See examples/ for working reference apps.

initialize() runs, in order:

  1. registerModules() (app calls addModule(...))
  2. module.configureDI(...) for all modules, then app configureDI()
  3. module.configureViews(...) for all modules, then app configureViews()
  4. assetLoader.loadAll(module.getAssetRequests()) for all modules, then app loadAssets()
  5. wait until all enqueued assets are loaded, then postInitialize()

Install (as a dependency)

gamelabsjs exposes three, pixi.js, @pixi/layout, and @pixi/ui as peer dependencies.

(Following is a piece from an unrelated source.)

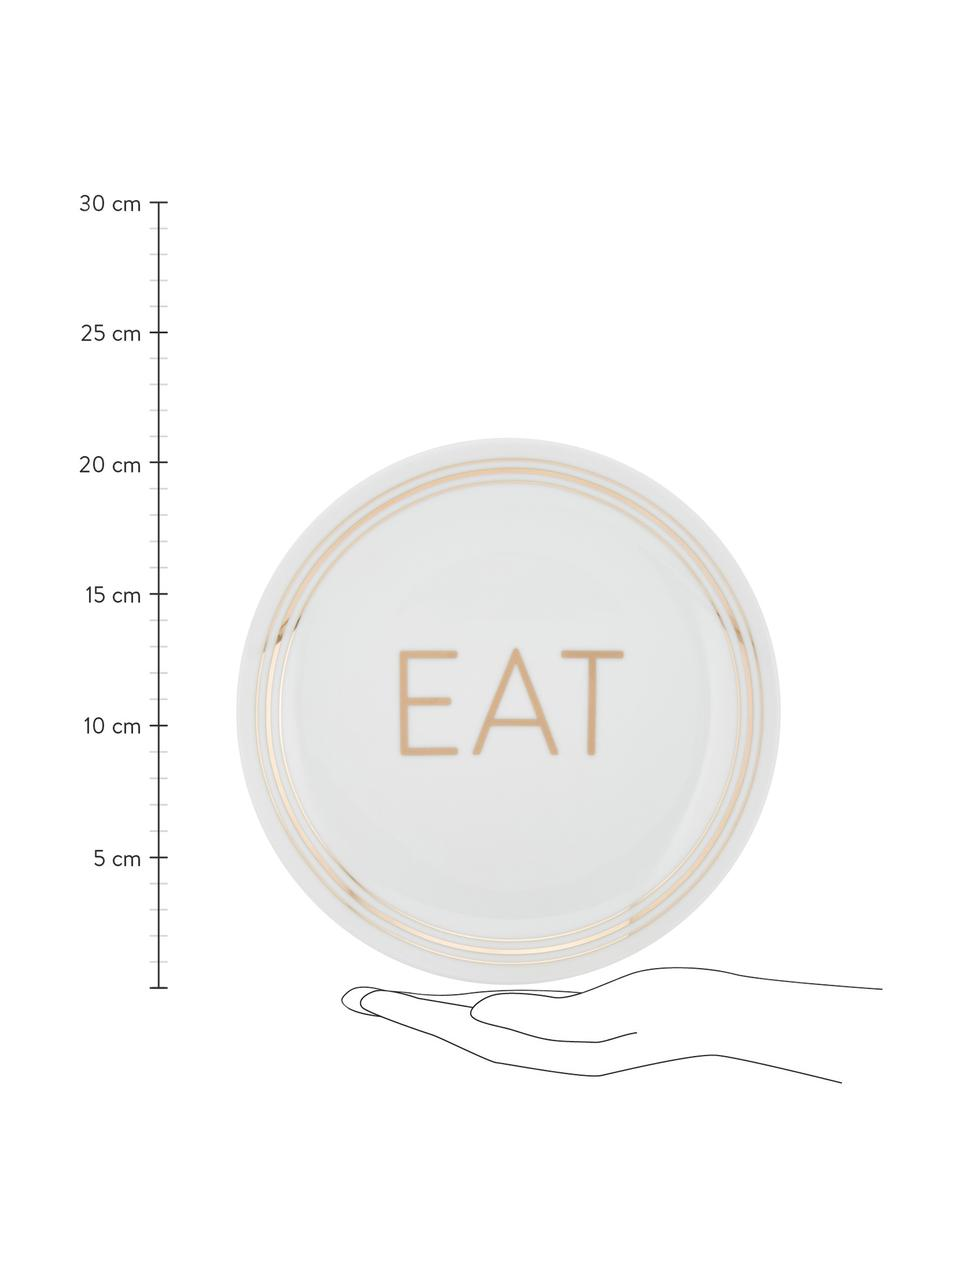 Porzellan Frühstücksteller Glimmer mit goldener Aufschrift, 4er-Set, Porzellan, Weiß, Goldfarben, Ø 21 cm

npm i gamelabsjs three pixi.js @pixi/layout @pixi/ui

Developing this repo

npm i
npm run build
npm run typecheck

For iterative work (rebuild dist/ on change):

npm run dev

Running the examples

The examples are Vite apps that alias gamelabsjs to the repo’s local dist/index.js, so build/watch the repo first.

Example 01:

npm run build
cd examples/example01
npm i
npm run dev

Example 02:

npm run build
cd examples/example02
npm i
npm run dev

Repository layout

  • src/core/: primitives (app lifecycle, rendering layers, DI, views/controllers, screens)
  • src/modules/: reusable feature modules (drop-in screens, controllers, events, assets)
  • examples/: reference apps that show the intended structure and wiring

Modules and assets (new pattern)

Feature modules are written as ModuleBinding subclasses:

  • DI and view registration: implement configureDI(diContainer) and configureViews(viewFactory)
  • Assets: store module AssetRequests in the binding (internally a protected _assets map) so the app can bulk-load them via getAssetRequests()
  • Theming/overrides: before addModule(binding), call binding.overrideAssetUrl(assetId, url) to swap module assets (see Example02 overriding the main screen logo)

Design rules (for keeping projects reviewable)

  • Views render; controllers handle behavior. Don’t bury “game logic” inside rendering classes.
  • New features should land as modules whenever they can be reused across projects.
  • Keep module APIs small and explicit: events/models in DI, view contracts as interfaces, wiring in module bindings.